═════ Exercise data
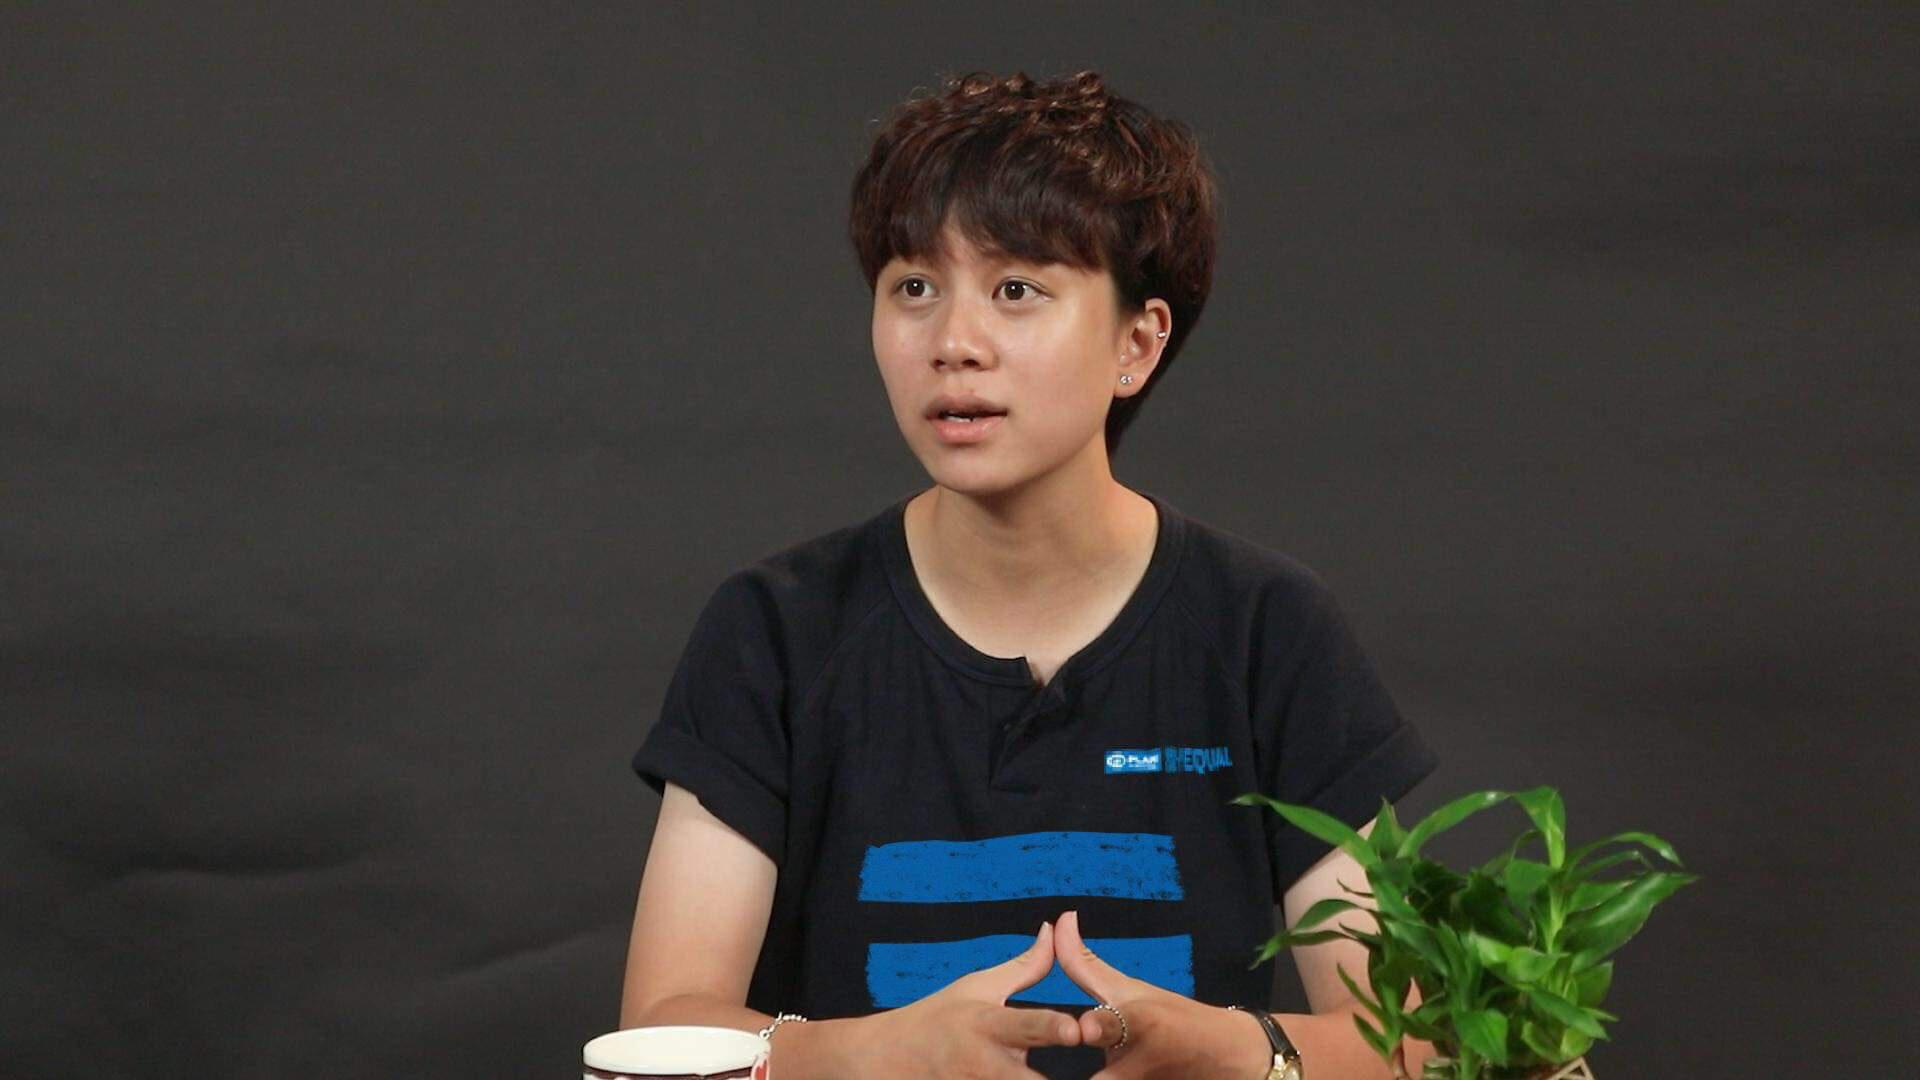 Bảo Hân trong Về nhà đi con trở thành đại sứ cho chiến dịch Hành trình 247+ Vì em gái bình đẳng 2020 tại Việt Nam - Ảnh 1.
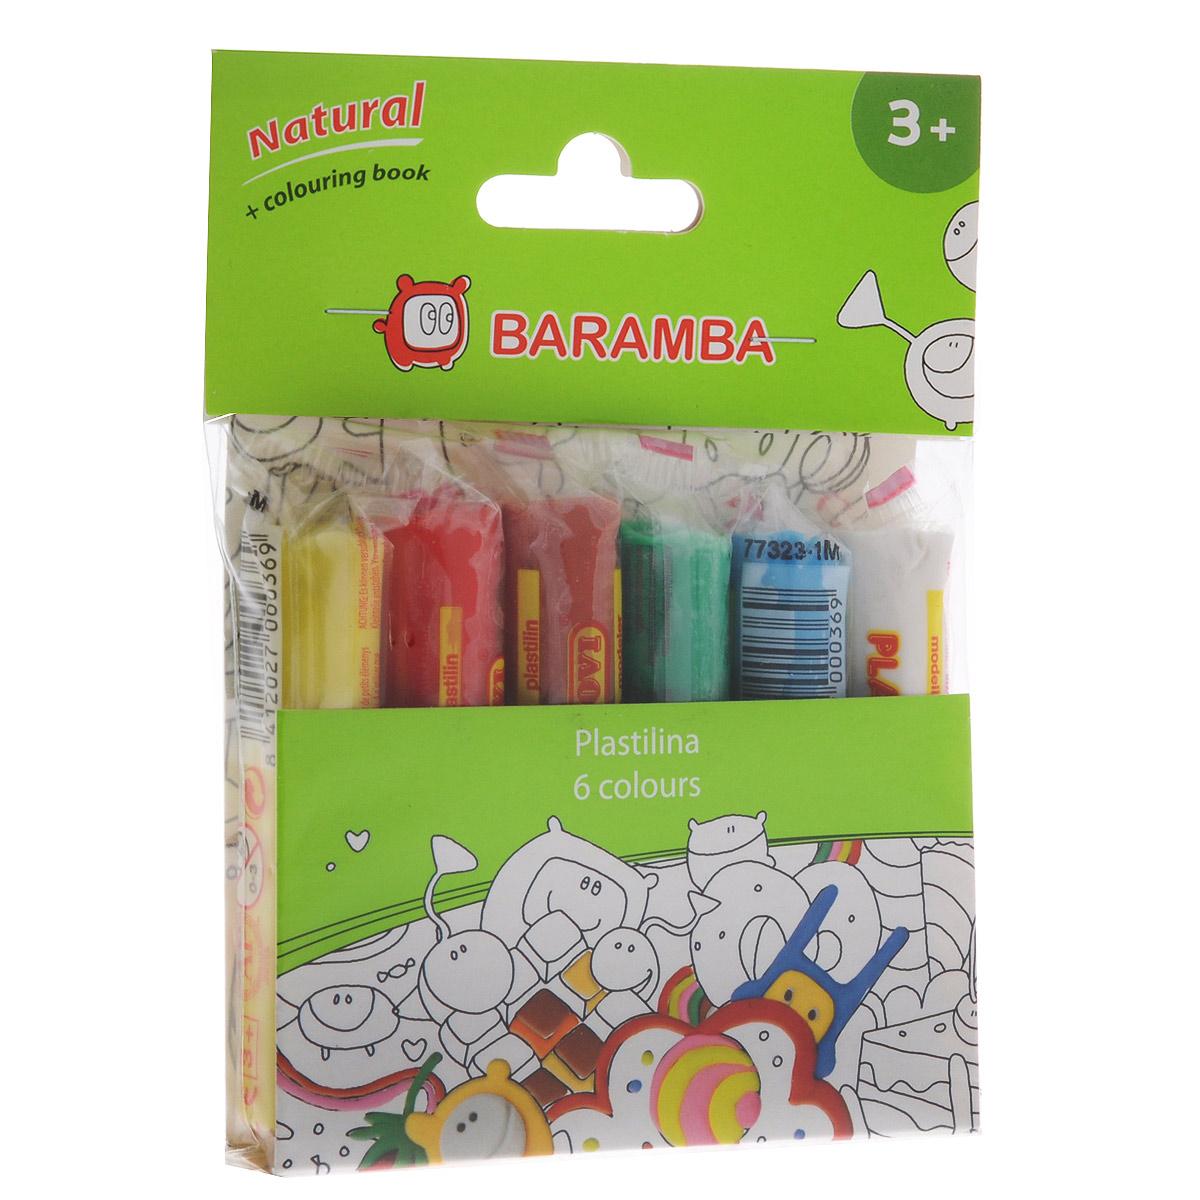 Пластилин Baramba, 6 цветов, с раскраской72523WDПластилин Baramba с раскраской - это отличная возможность познакомить ребенка с еще одним из видов изобразительного творчества, в котором создаются объемные образы и целые композиции. В набор входит пластилин 6 ярких цветов (белый, голубой, зеленый, коричневый, красный, желтый). Цвета пластилина легко смешиваются между собой, и таким образом можно получить новые оттенки. Пластилин на растительной основе, очень мягкий, содержит натуральные масла и воск, легко смешивается друг с другом и не липнет к рукам.Техника лепки богата и разнообразна, но при этом доступна даже маленьким детям. В комплект также входит раскраска с изображением, которое малыш сможет раскрасить с помощью пластилина. Занятие лепкой не только увлекательно, но и полезно для ребенка. Оно способствует развитию творческого и пространственного мышления, восприятия формы, фактуры, цвета и веса, развивает воображение и мелкую моторику.
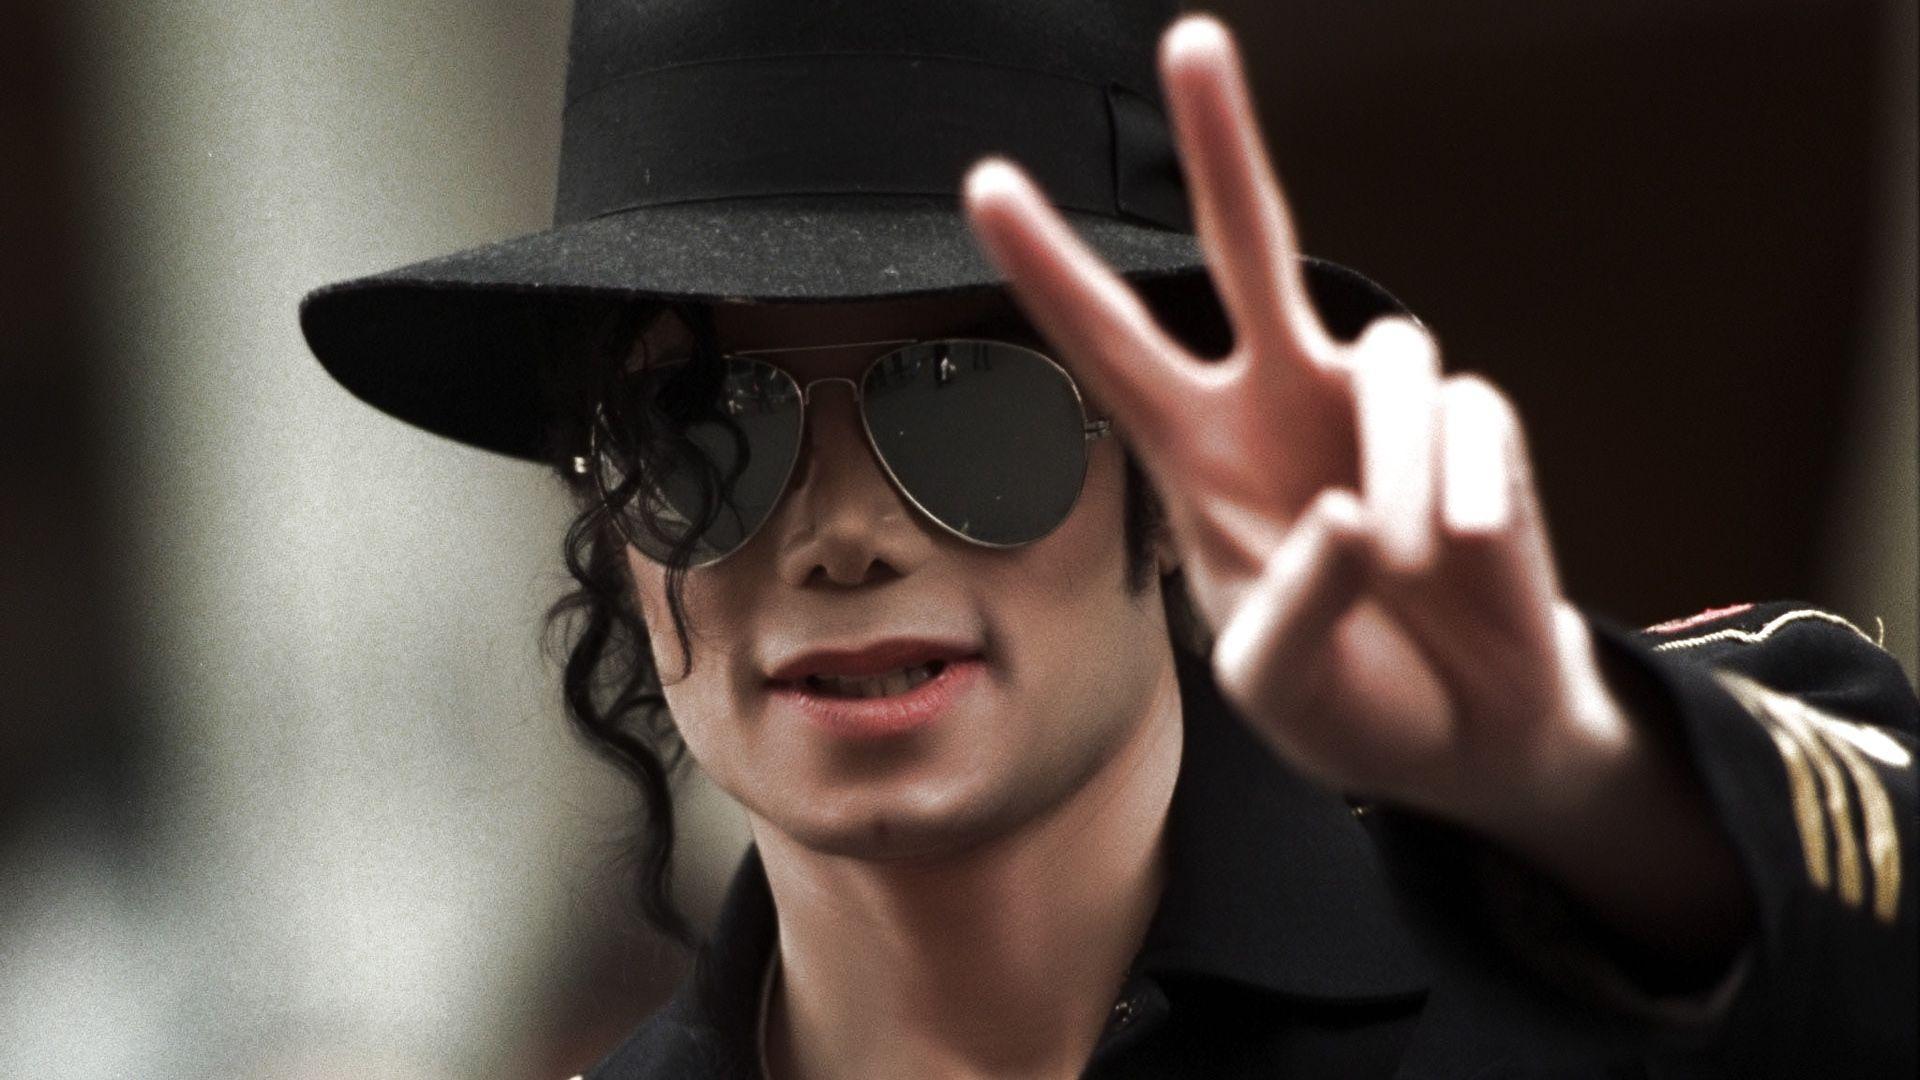 How did Michael Jackson die
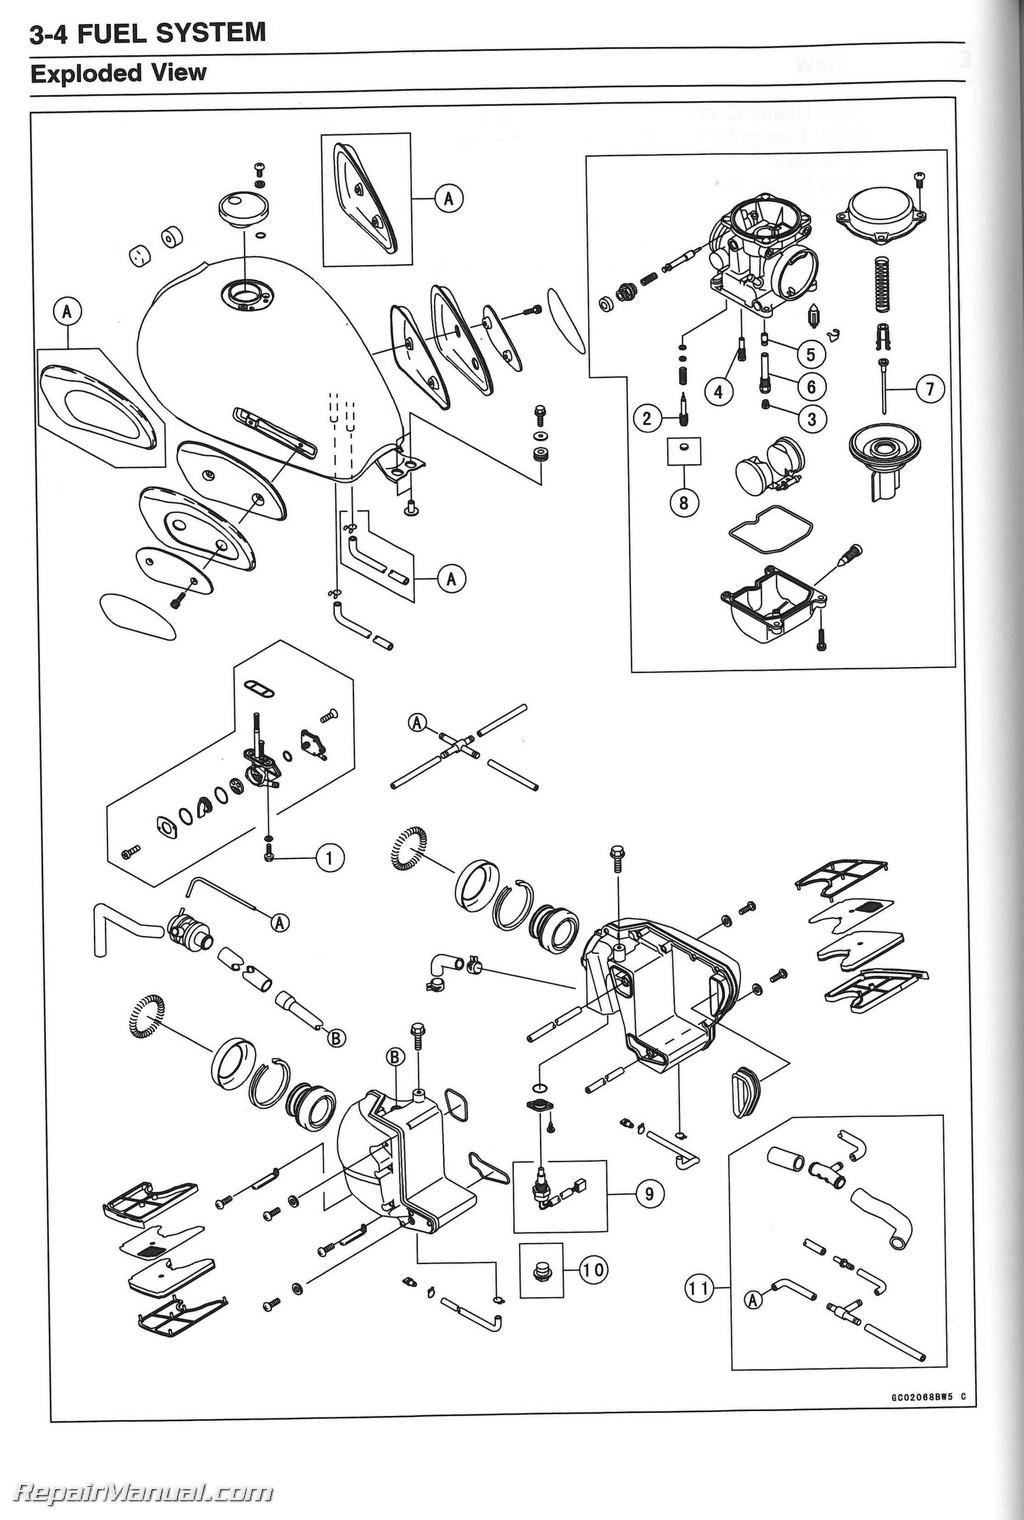 kawasaki w650 service manual enthusiast wiring diagrams
══════════
What is required: Copy out all the data exactly. No images belong in the copy.

Exercise answer:
 Bảo Hân trong Về nhà đi con trở thành đại sứ cho chiến dịch Hành trình 247+ Vì em gái bình đẳng 2020 tại Việt Nam - Ảnh 1.
 Пластилин Baramba, 6 цветов, с раскраской72523WDПластилин Baramba с раскраской - это отличная возможность познакомить ребенка с еще одним из видов изобразительного творчества, в котором создаются объемные образы и целые композиции. В набор входит пластилин 6 ярких цветов (белый, голубой, зеленый, коричневый, красный, желтый). Цвета пластилина легко смешиваются между собой, и таким образом можно получить новые оттенки. Пластилин на растительной основе, очень мягкий, содержит натуральные масла и воск, легко смешивается друг с другом и не липнет к рукам.Техника лепки богата и разнообразна, но при этом доступна даже маленьким детям. В комплект также входит раскраска с изображением, которое малыш сможет раскрасить с помощью пластилина. Занятие лепкой не только увлекательно, но и полезно для ребенка. Оно способствует развитию творческого и пространственного мышления, восприятия формы, фактуры, цвета и веса, развивает воображение и мелкую моторику.
 How did Michael Jackson die
 kawasaki w650 service manual enthusiast wiring diagrams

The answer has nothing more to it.